EXTRACTED MATERIAL: Begin

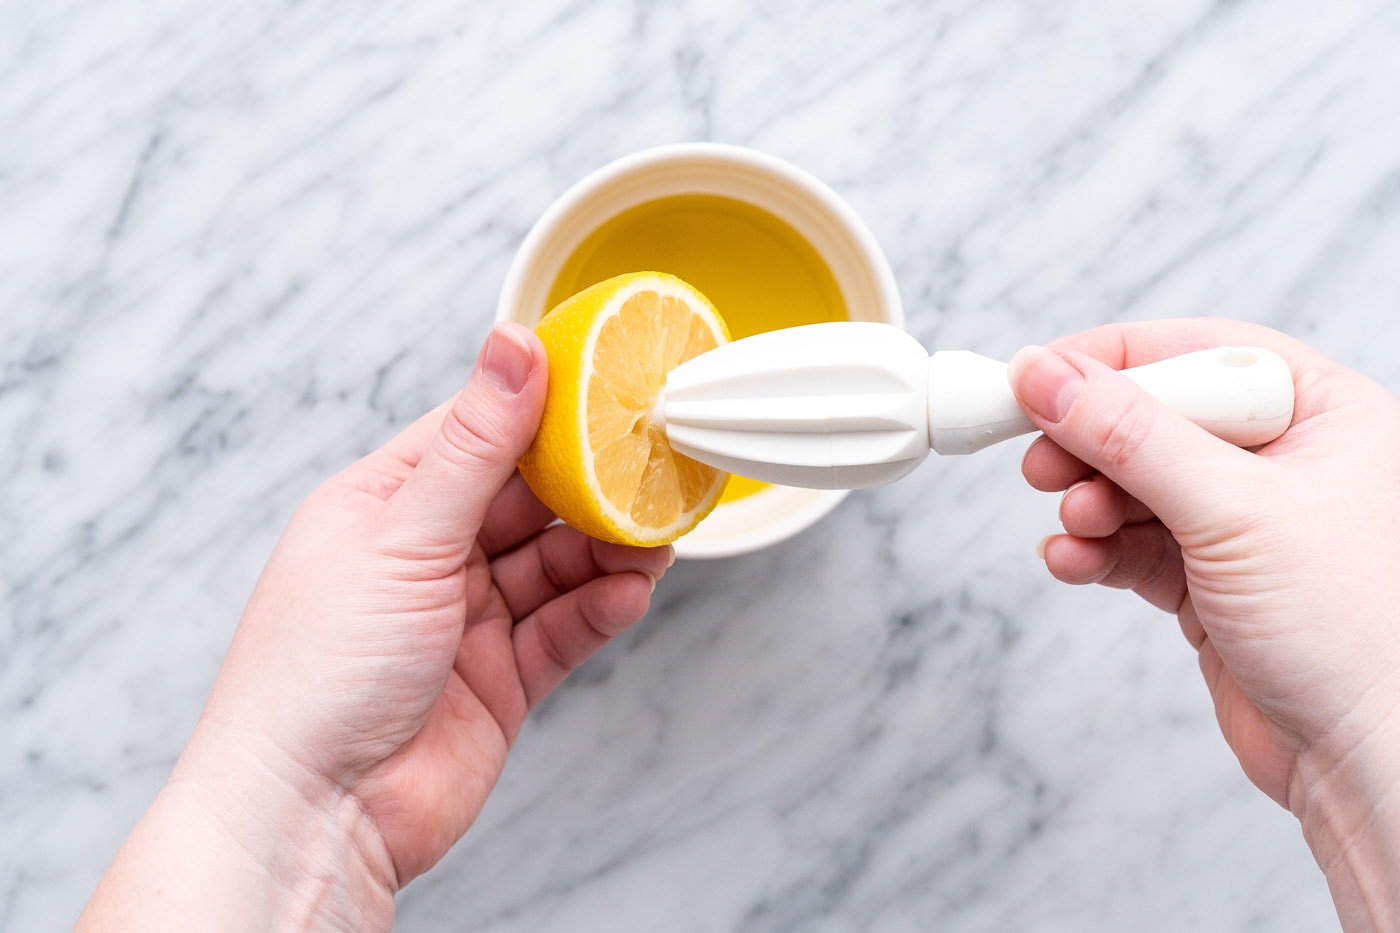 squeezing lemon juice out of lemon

EXTRACTED MATERIAL: End
EXTRACTED MATERIAL: Begin

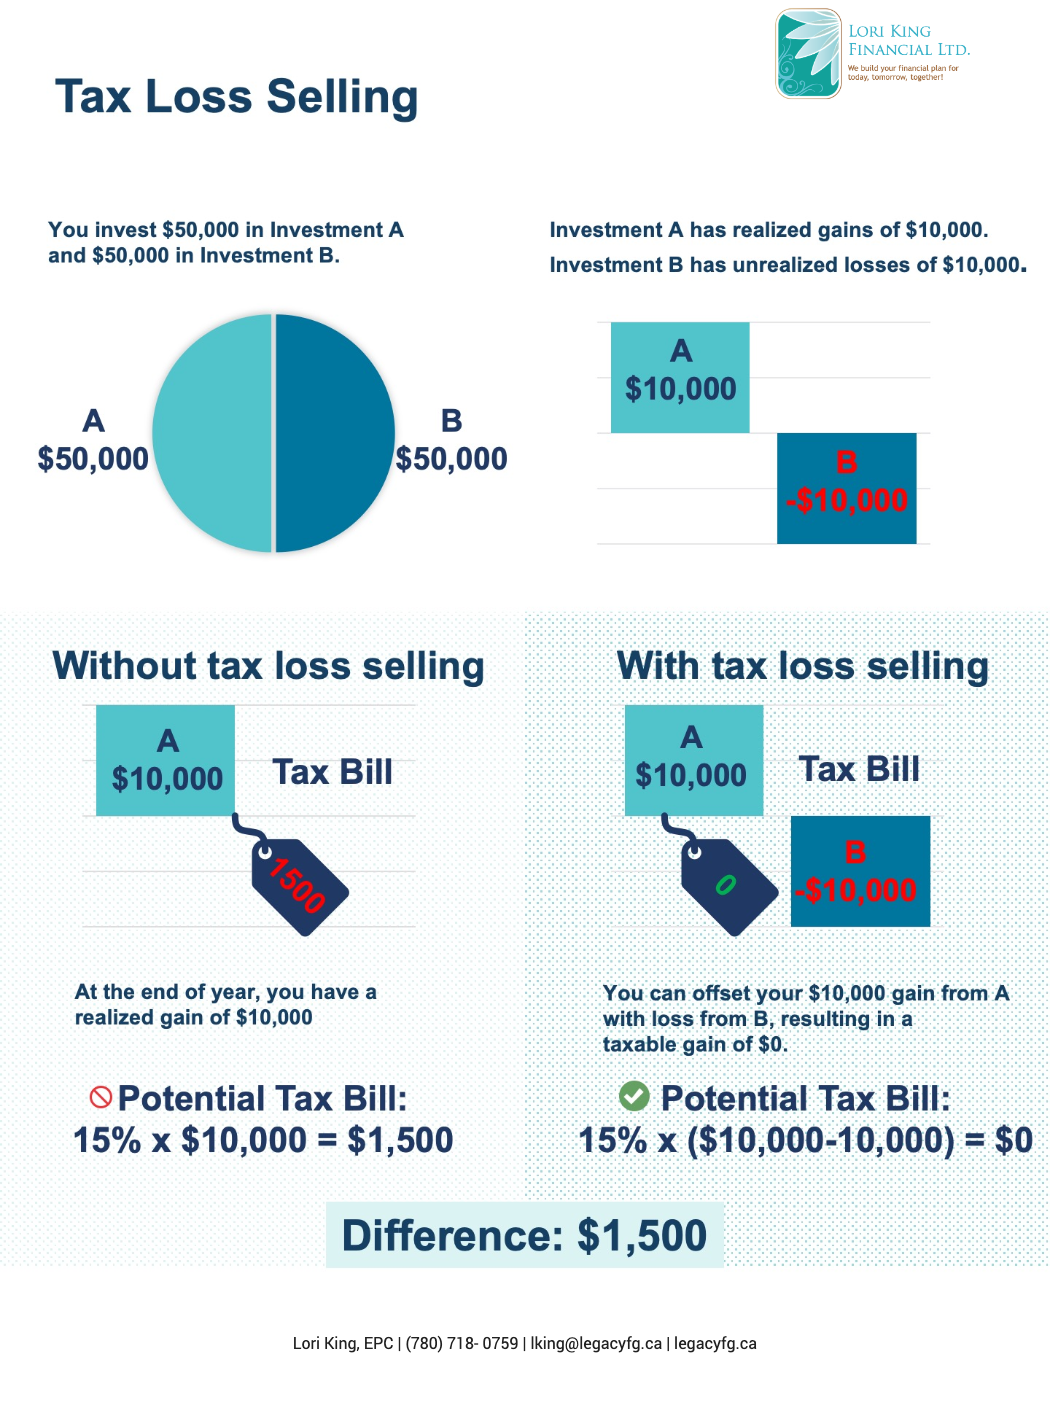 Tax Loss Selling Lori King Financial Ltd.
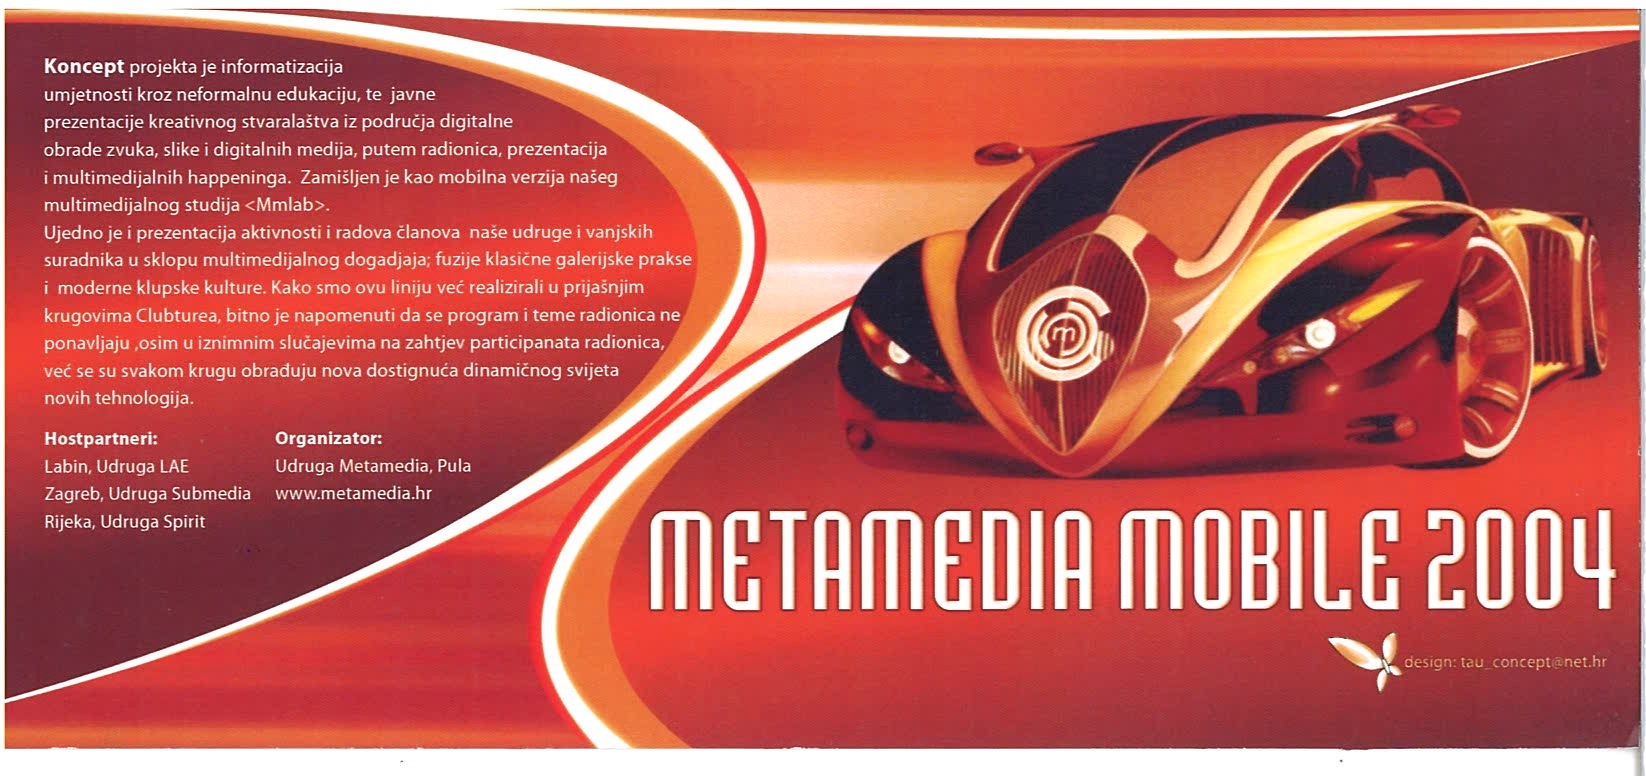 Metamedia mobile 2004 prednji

EXTRACTED MATERIAL: End
EXTRACTED MATERIAL: Begin

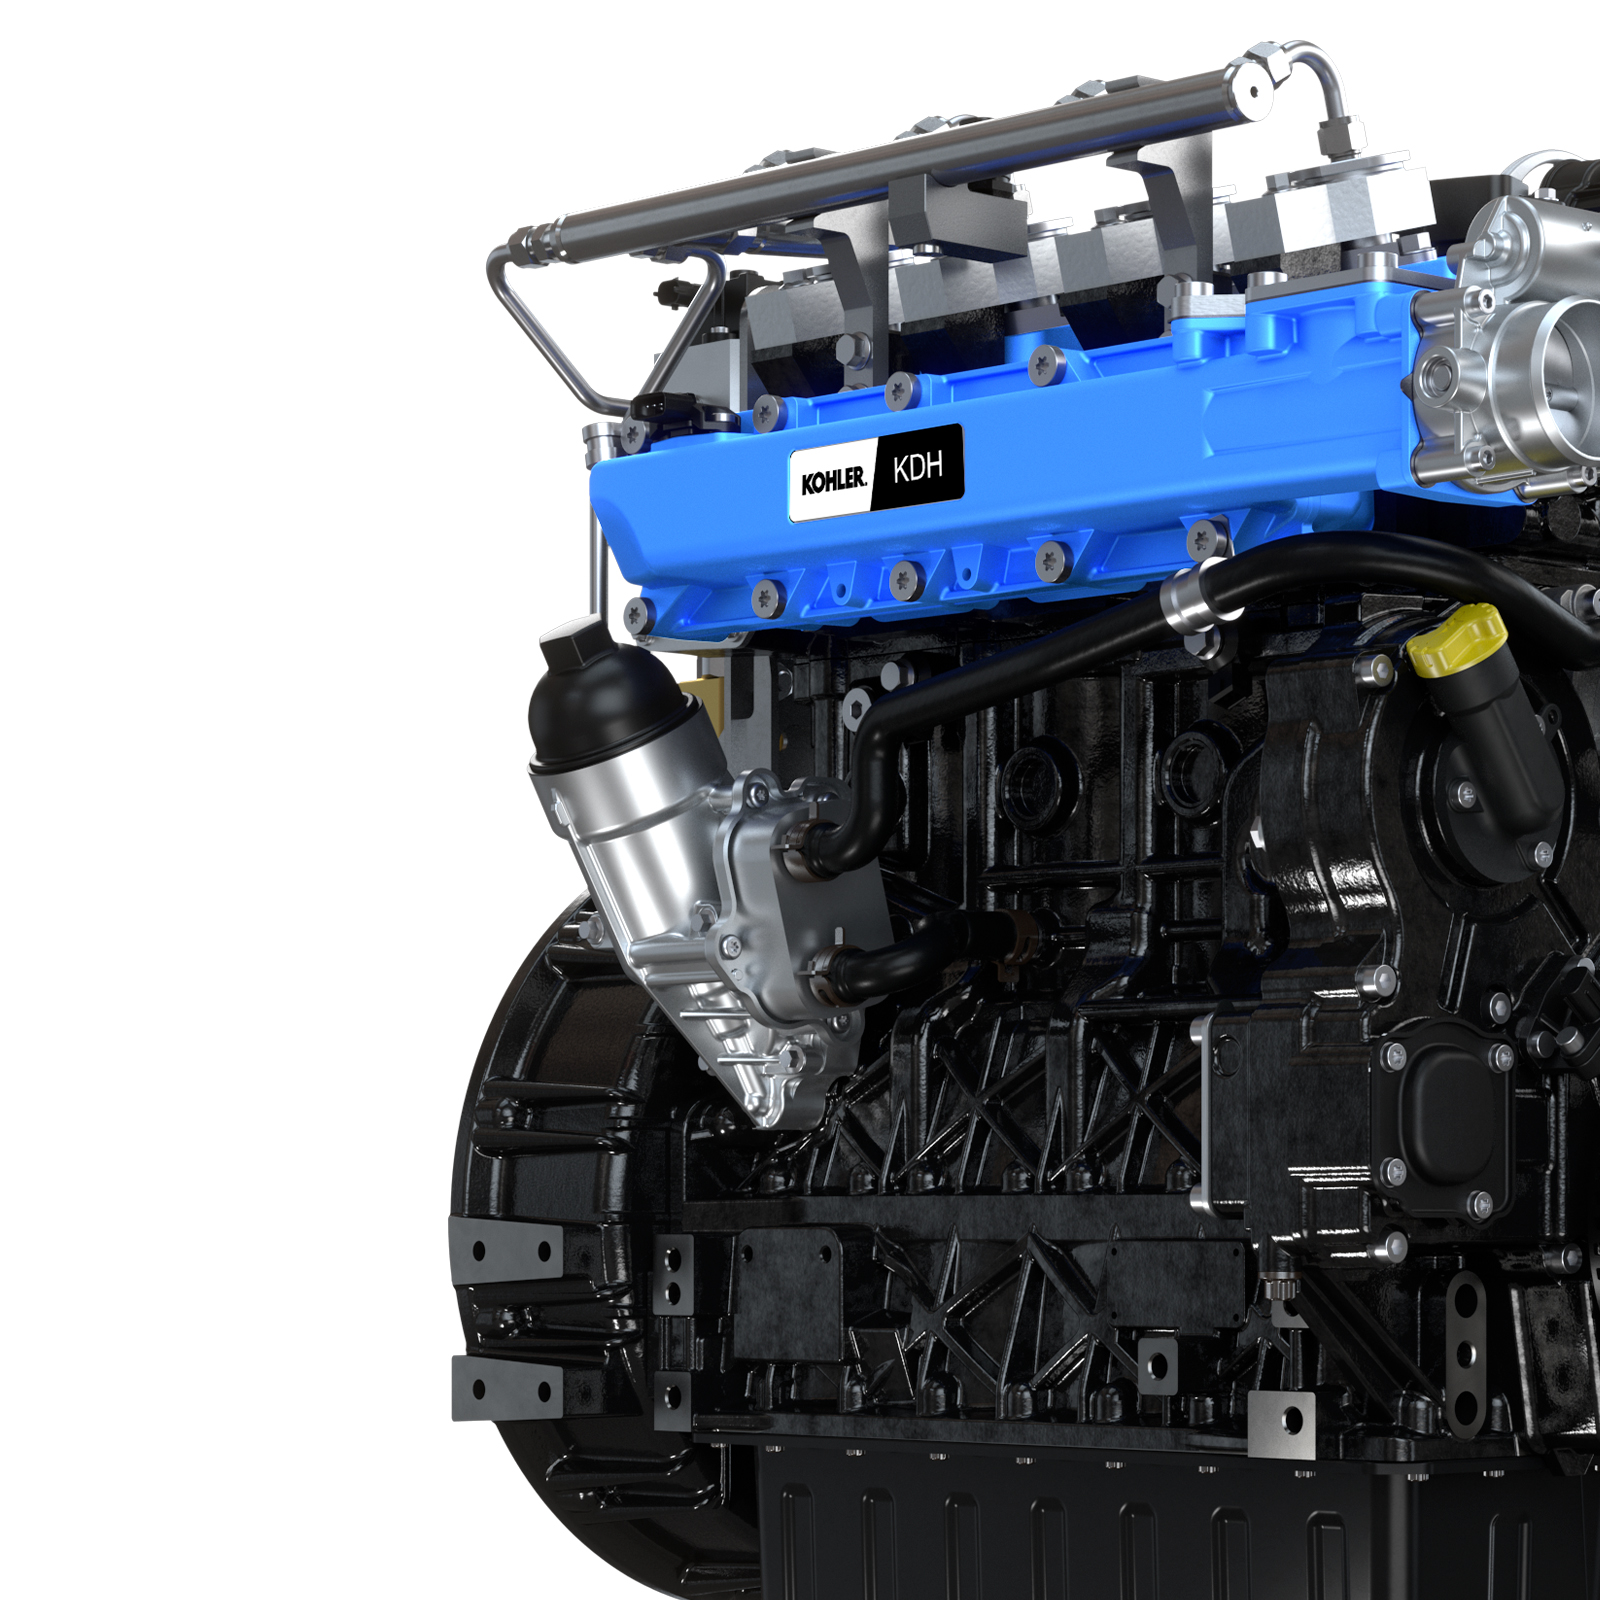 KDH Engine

EXTRACTED MATERIAL: End

■ **WORK TASK**
Between and including the line with "Tax Loss Selling Lori King Financial Ltd." and the line with "Metamedia mobile 2004 prednji", repeat every line exactly as it appears above, with pictures left out.

■ **EXERCISE OUTPUT**
 Tax Loss Selling Lori King Financial Ltd.
 Metamedia mobile 2004 prednji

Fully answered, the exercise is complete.